- **What you will do**:
Nothing in the copy should be a picture; everything else in the listing is to be restated exactly.

- **The data**:

---*---

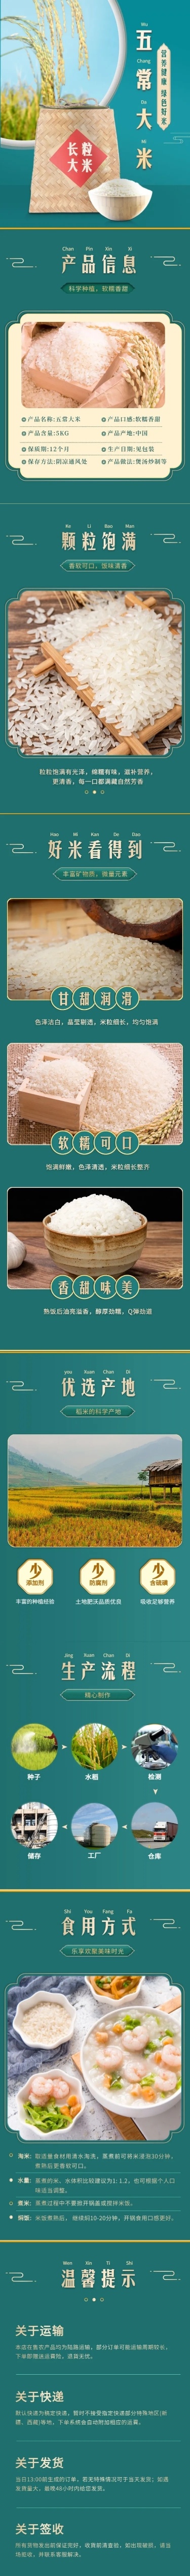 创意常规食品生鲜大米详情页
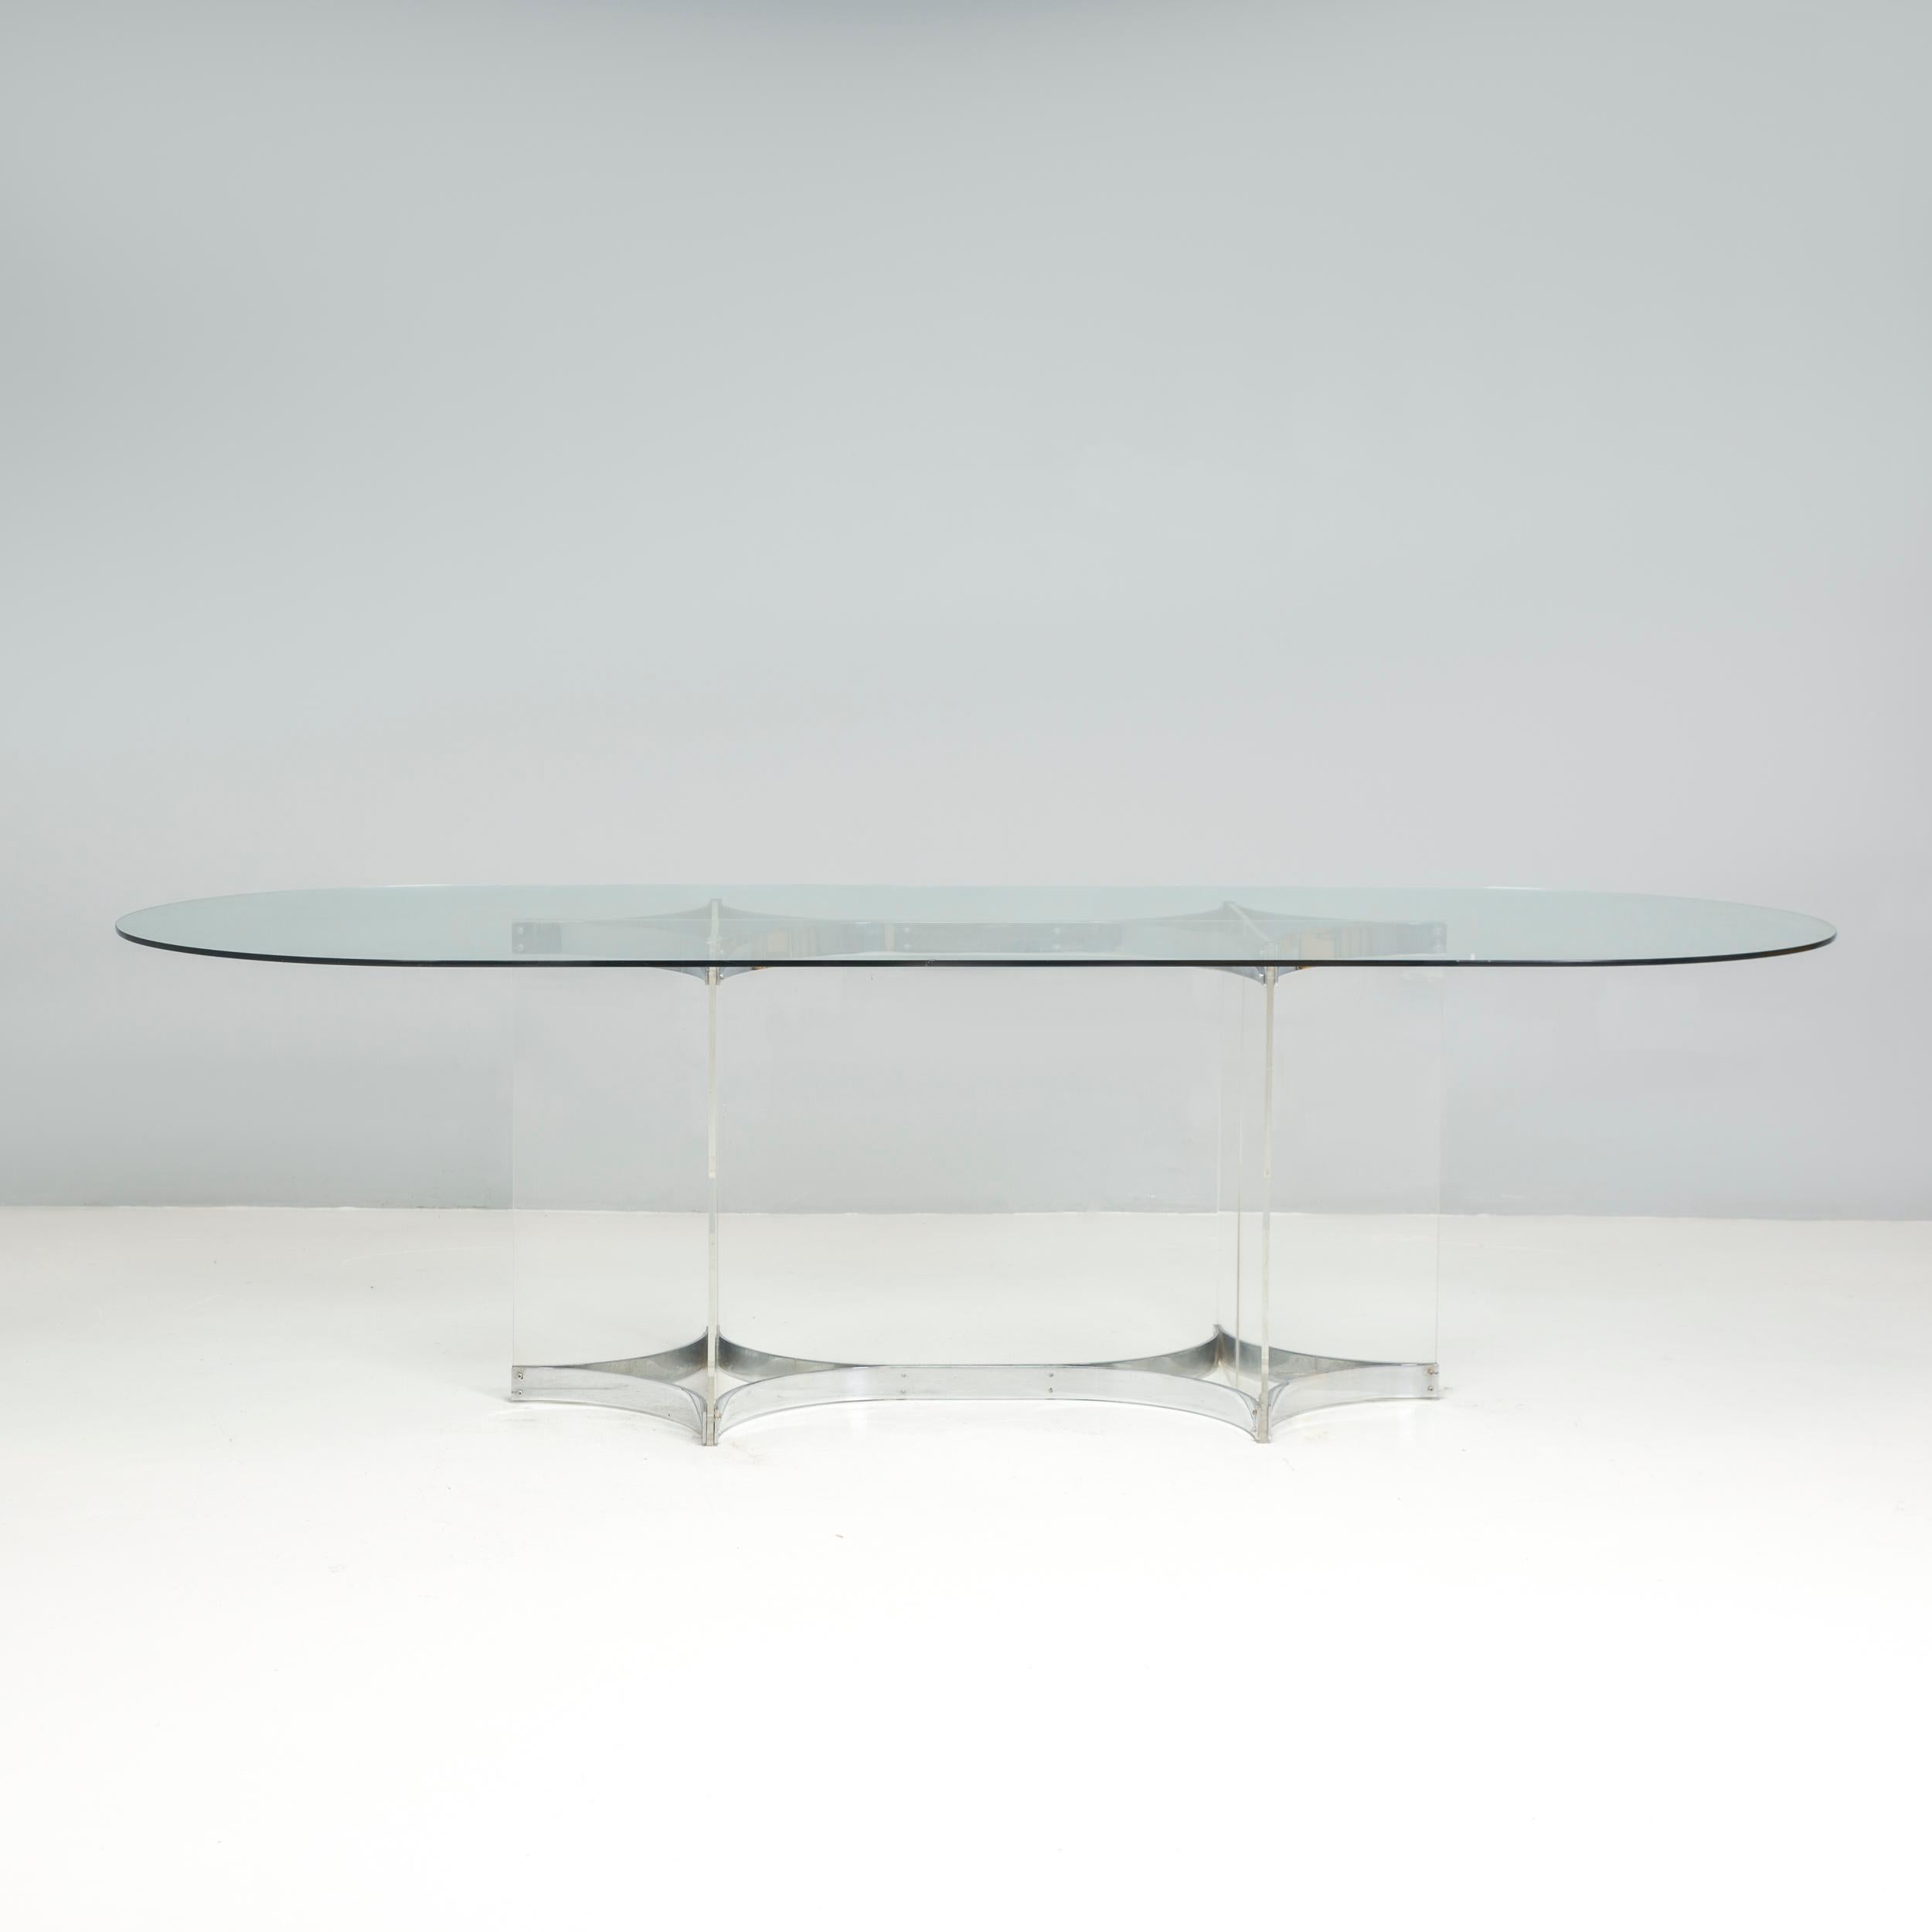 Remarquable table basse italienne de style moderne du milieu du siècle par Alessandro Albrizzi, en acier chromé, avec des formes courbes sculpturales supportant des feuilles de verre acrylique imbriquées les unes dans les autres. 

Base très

---*---

- **Response to this exercise**:
 创意常规食品生鲜大米详情页
 Remarquable table basse italienne de style moderne du milieu du siècle par Alessandro Albrizzi, en acier chromé, avec des formes courbes sculpturales supportant des feuilles de verre acrylique imbriquées les unes dans les autres. 

Base très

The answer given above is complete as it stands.